4 minute read
Drawn to the Flame
The Anagama Story
Wood firing is an ancient practice that demands extraordinary attention to feeding the flame over five days. The anagama kiln is a hand-built brick oven descended from an ancient Japanese wood-firing kiln. The flame, smoke and ash combine to create unique one-of-a-kind patterns on each vessel. Anagama kilns, which can be built in various sizes and shapes, have a devoted following around the world.
BY MARCIA BIGGS
Things will be heating up the first three weeks of January when potters and ceramic artists from across the country converge in St. Pete’s Warehouse Arts District for an annual ritual that centers around a massive wood-burning kiln. Florida Heat, A Wood Fire Workshop, brings top-notch instructors and up to 45 participants together January 3-18 for learning and camaraderie at the Morean Workshop Space and Morean Center for Clay.
One could almost call it St. Pete’s own toned-down version of Burning Man festival. But in this case, the object of adoration is a 30-foot-long brick kiln known as an anagama kiln which must be lovingly loaded and fed with wood, then tended over a week to 10 days to reach the proper firing temperature of 2,400 degrees Fahrenheit.
The annual event, with a registration fee of $895, requires participants to ship their unfired pieces to the Morean prior to the start date. Some 700 to 1,000 individual works will carefully be loaded into the 500-cubic-foot kiln over two to three days, then the door is finally bricked up for another five days of firing around the clock.
During this time, workshop participants share in the feeding of the wood until the furnace’s huge belly will finally burst into flame. Demonstrations and teaching sessions are held, and about a week to 10 days later when the kiln has cooled down, the door bricks are removed and pieces unloaded.
Matt Long, a professor of ceramics at the University of Mississippi, has had a love affair with wood firing since he was a teen. He has been part of the leadership team for the annual anagama firing for nearly two decades.
“It’s impressive, a remarkable thing to watch,” he said during a phone interview from his home studio in Oxford, Miss. “You need a crew that can work 24-7 to maintain progress of the temperature, which is tricky. Day 2 is interesting when people have their work ready to be loaded — up to 1,000 pieces — it’s a massive undertaking that’s amazing to watch. By Day 4, if you are there at night you can see the flames shooting out when they open the door to load it, it’s incredibly beautiful.”

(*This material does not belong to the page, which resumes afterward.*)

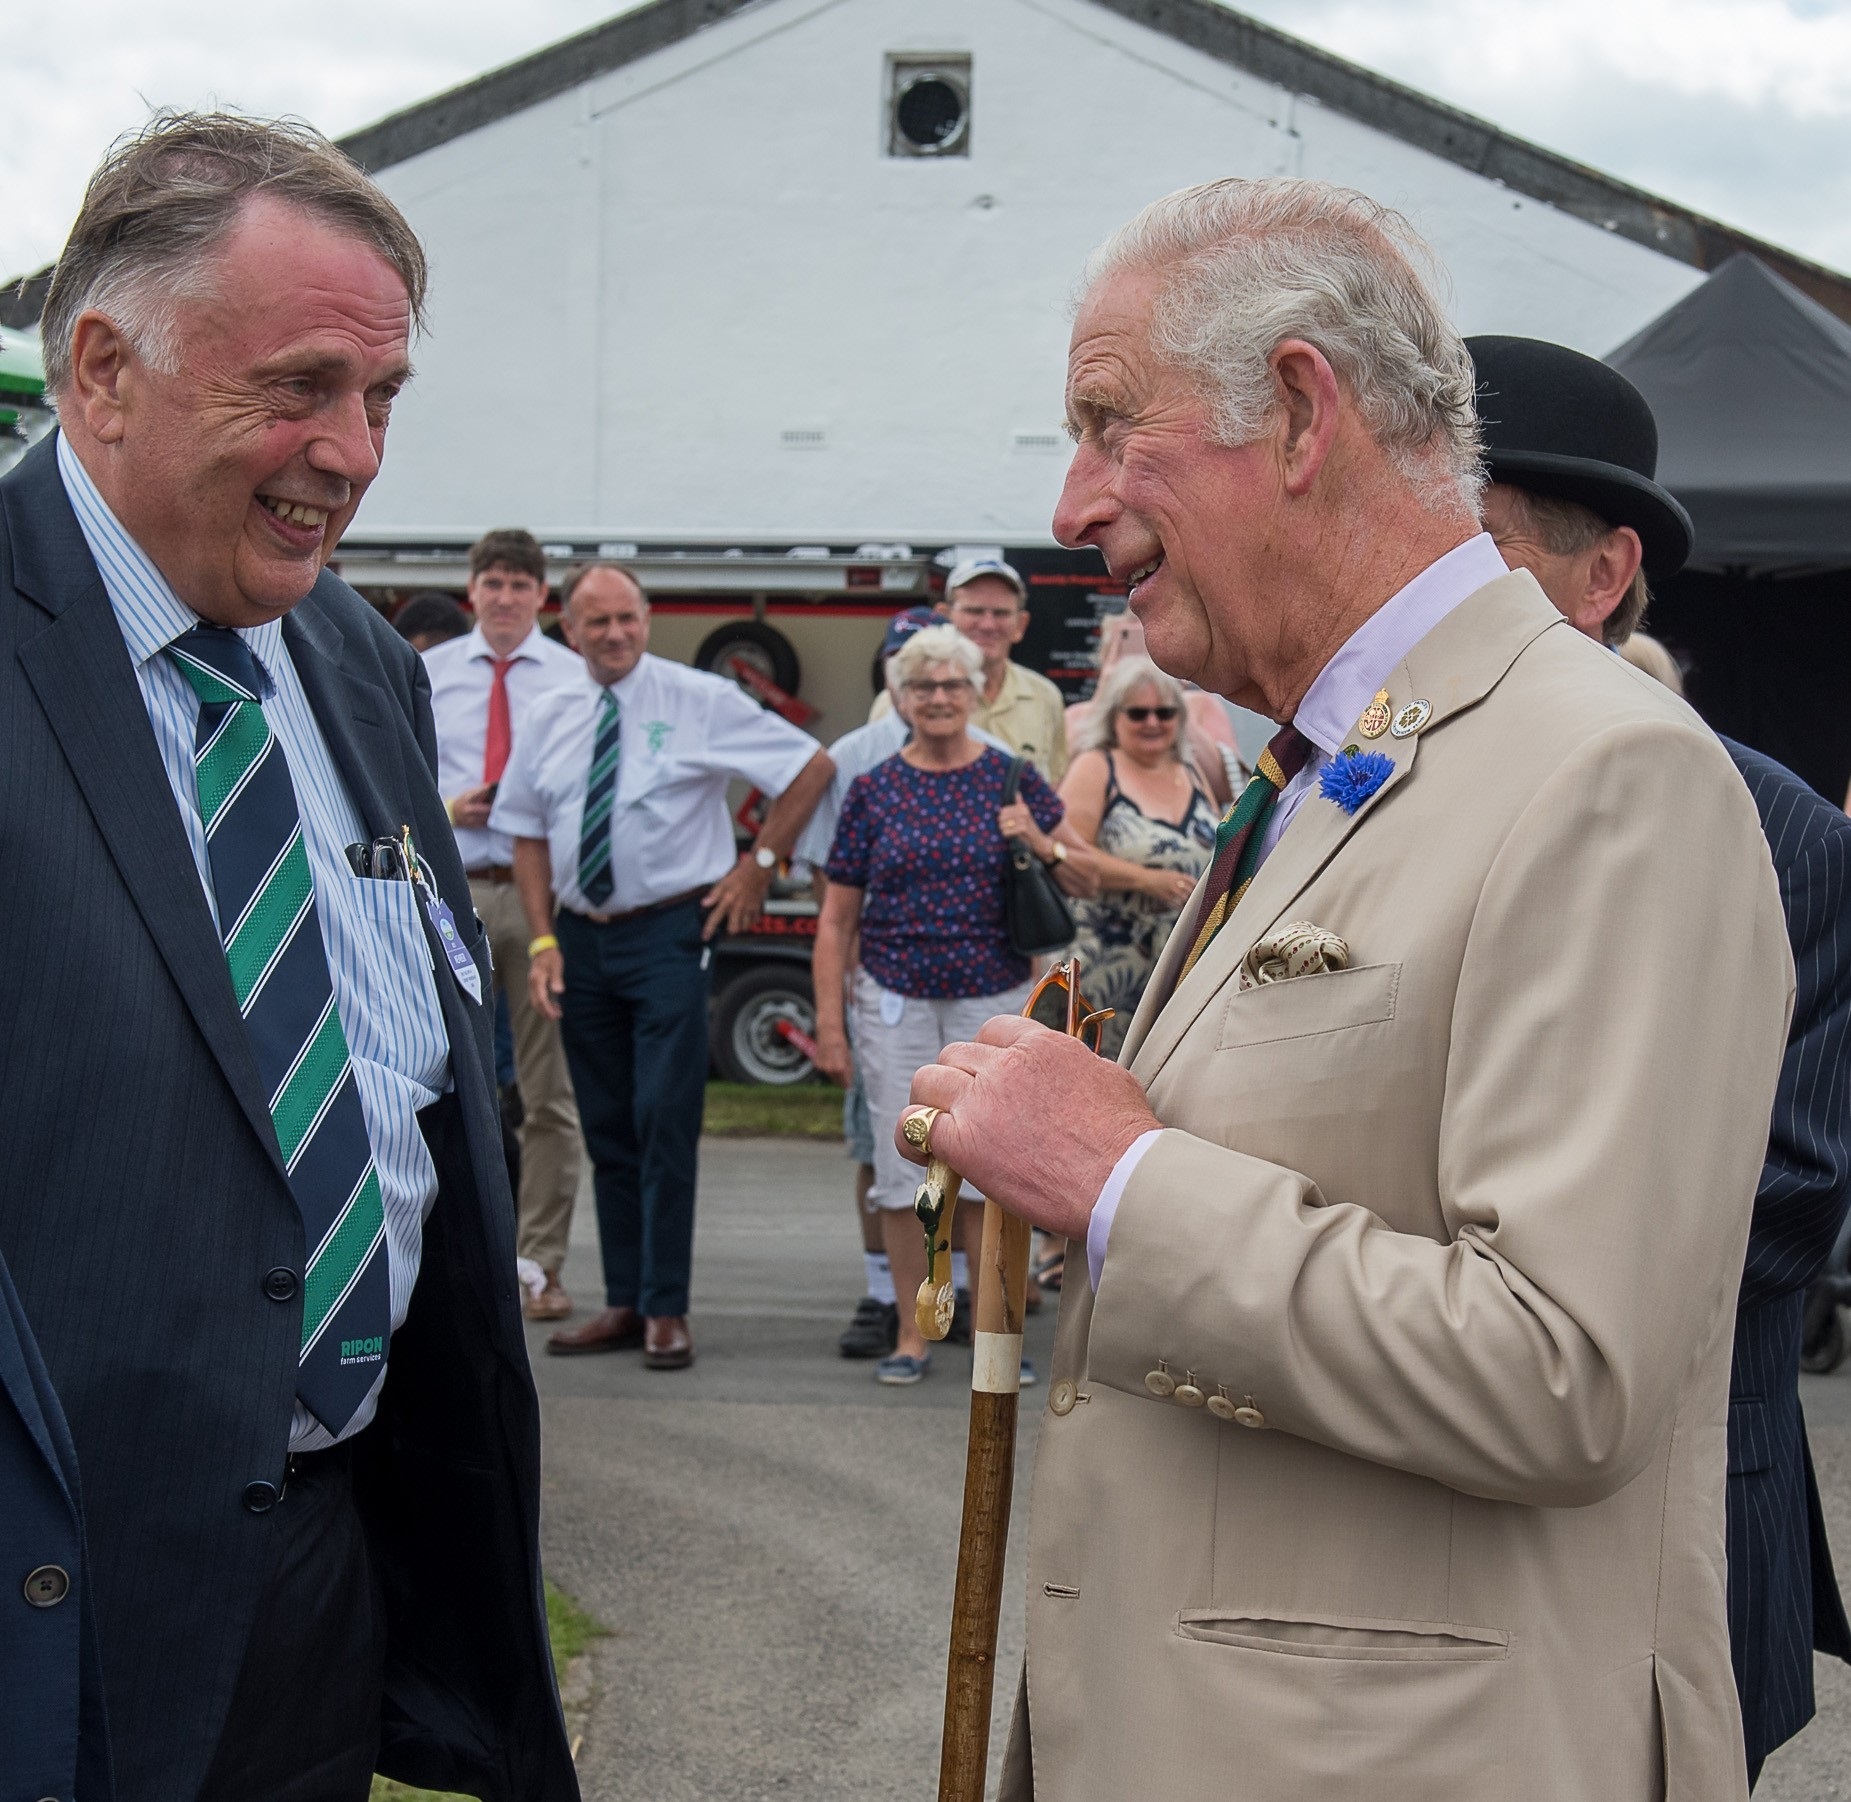 Geoff Brown of Ripon Farm Services with the then Prince Charles at the Great Yorkshire Show

The Morean anagama kiln was built in 2003, when ceramic artists Beth Morean and Valerie Knaust enlisted Don Reitz and Brian Harper to build it at the then St. Pete Clay Company. At that time there were only a handful of them across the United States, said Knaust, who now manages the Morean Workshop Space.
“Anagama kilns were once extremely rare in the United States but have grown in popularity, particularly as backyard size kilns,” says Long. “The larger ones like we have in St. Pete are rarer.”
The rewards for those who return year after year to the wood fire workshop are many, adds Long, rekindling old friendships, learning new techniques and finally seeing the untouched beauty of their work once it’s removed from the kiln.
“Every time we open that kiln, everything is a surprise,” he said.